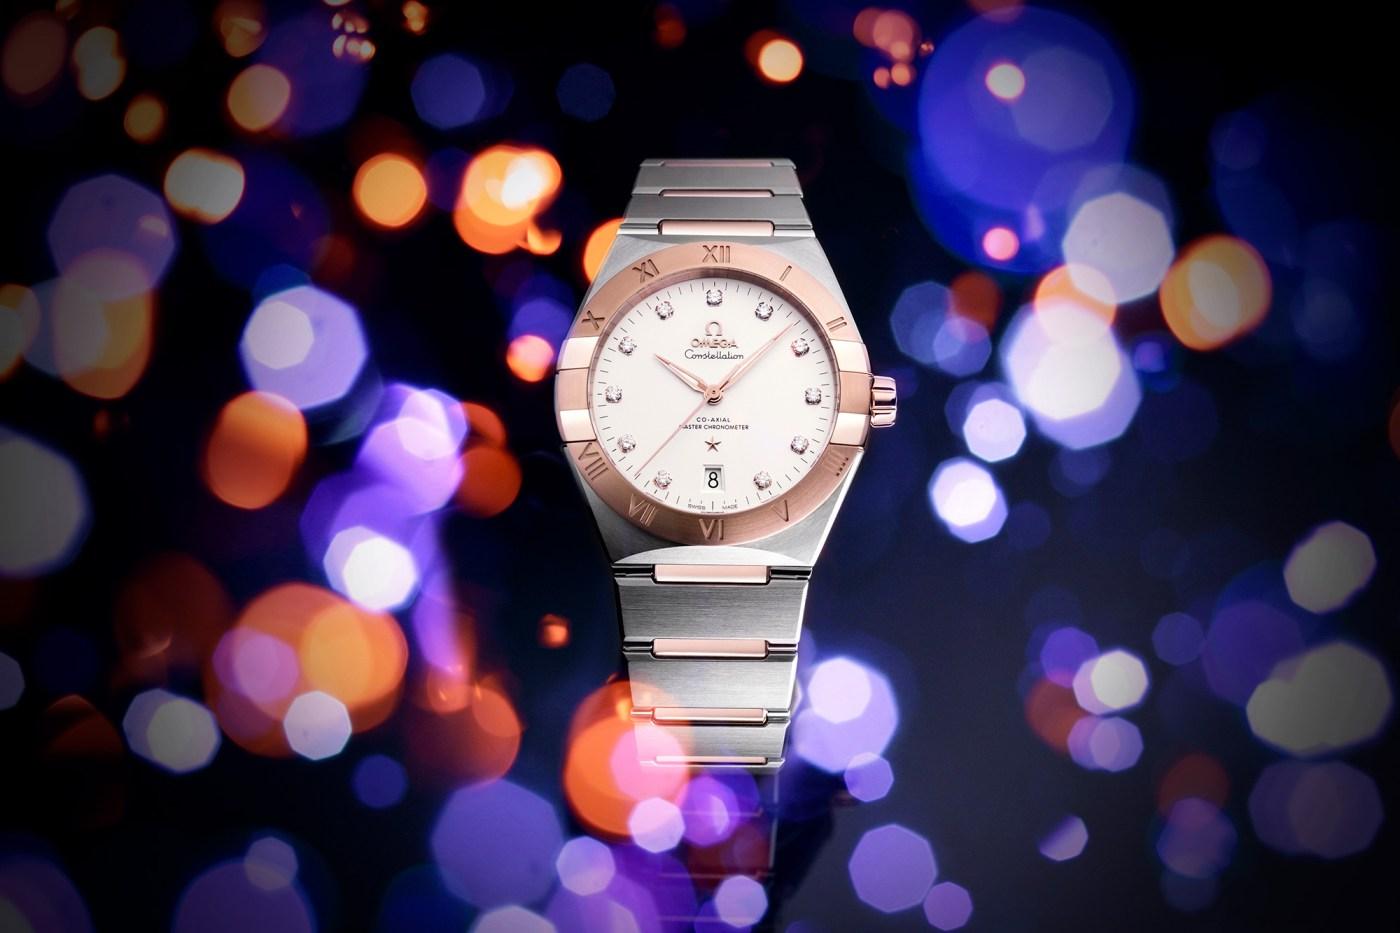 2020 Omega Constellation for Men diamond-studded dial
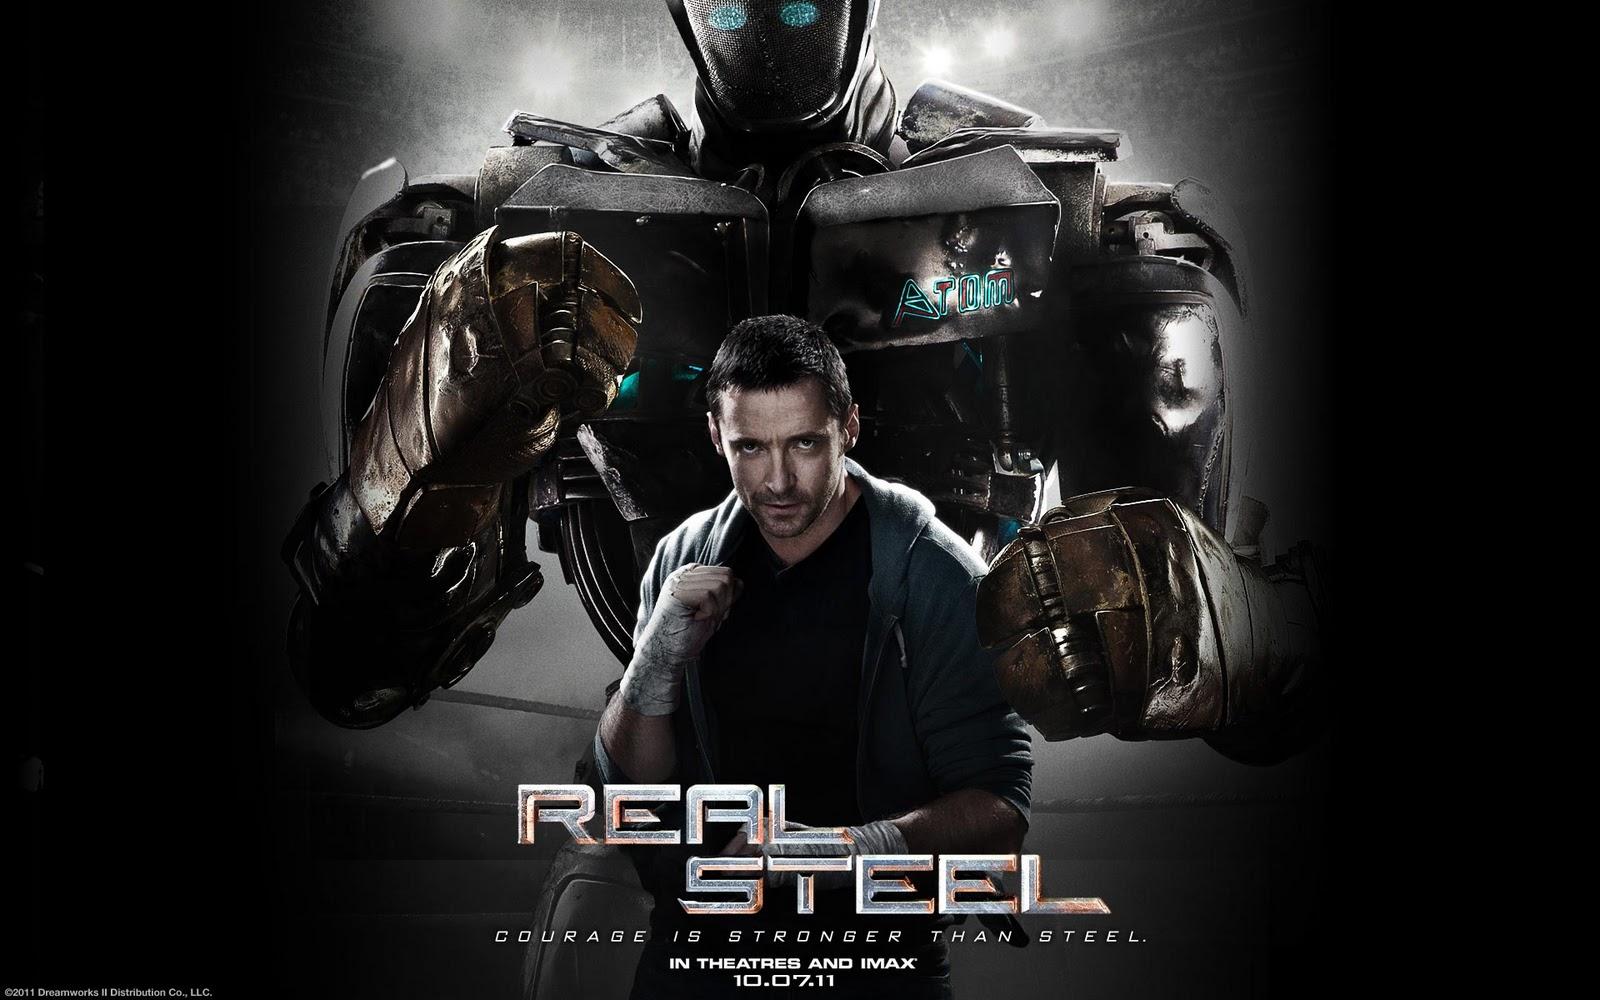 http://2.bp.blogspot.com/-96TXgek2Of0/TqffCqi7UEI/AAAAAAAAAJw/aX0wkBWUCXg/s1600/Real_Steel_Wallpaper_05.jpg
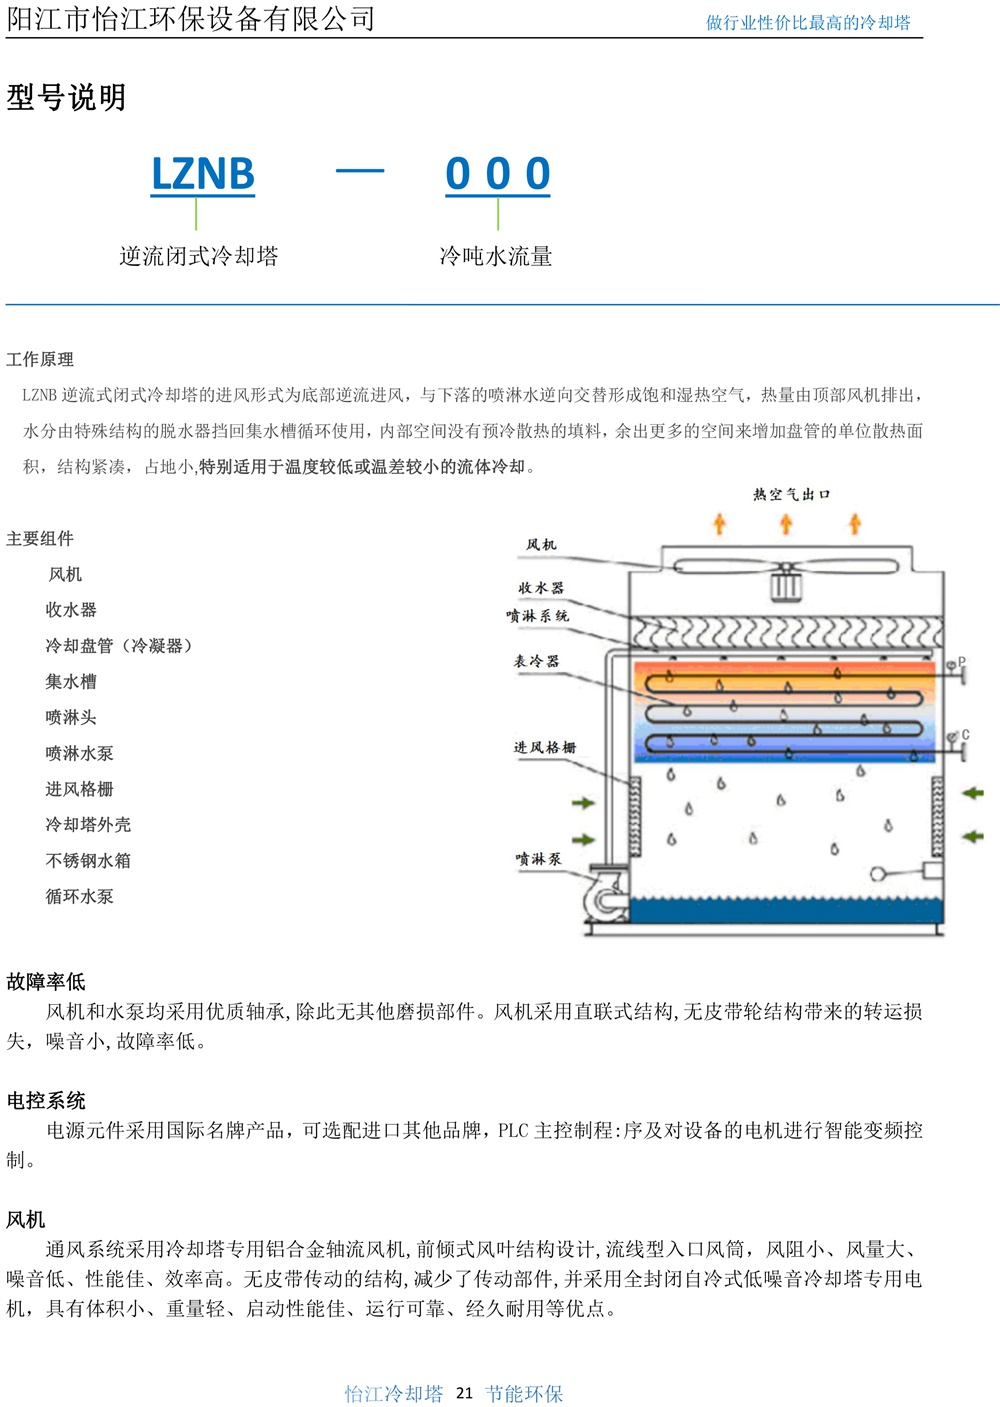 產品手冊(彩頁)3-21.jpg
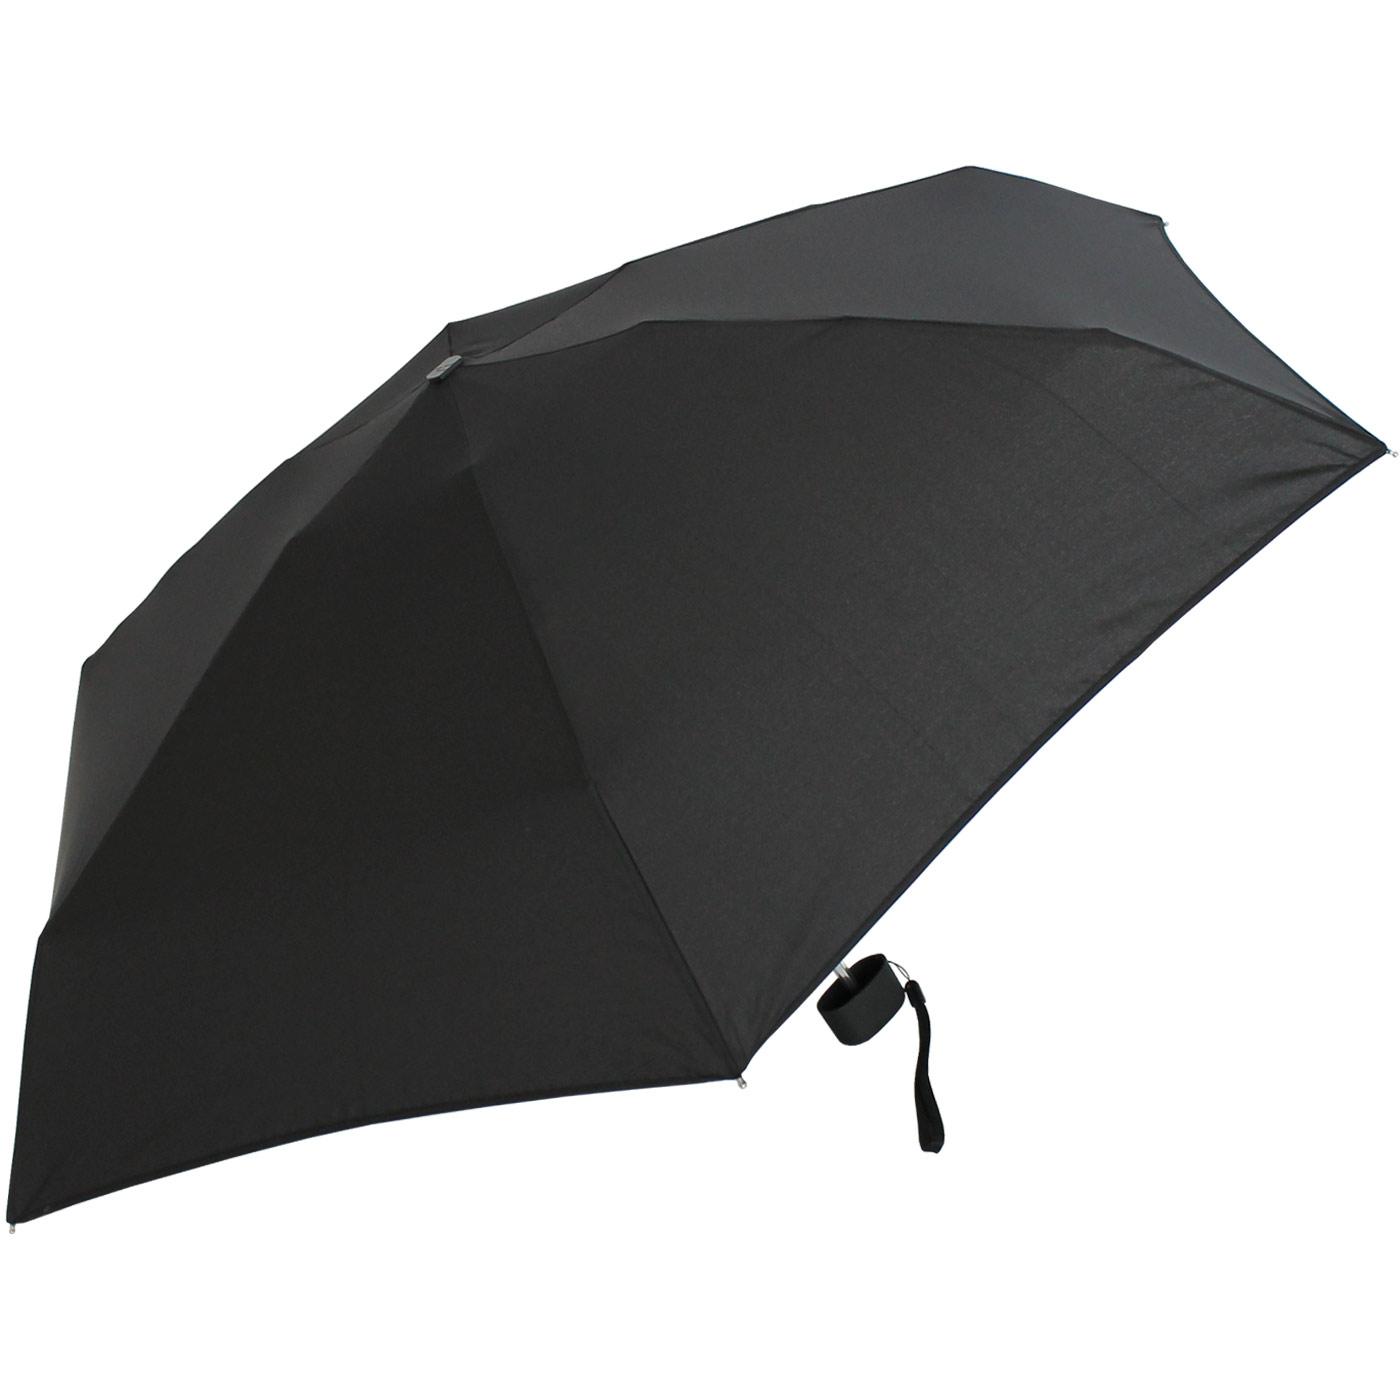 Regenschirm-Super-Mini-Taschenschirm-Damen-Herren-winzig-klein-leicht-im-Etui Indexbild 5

+---+

Your objective.
The whole listing should be restated word for word, with no pictures.

Solution for this task.
 2020 Omega Constellation for Men diamond-studded dial
 http://2.bp.blogspot.com/-96TXgek2Of0/TqffCqi7UEI/AAAAAAAAAJw/aX0wkBWUCXg/s1600/Real_Steel_Wallpaper_05.jpg
 產品手冊(彩頁)3-21.jpg
 Regenschirm-Super-Mini-Taschenschirm-Damen-Herren-winzig-klein-leicht-im-Etui Indexbild 5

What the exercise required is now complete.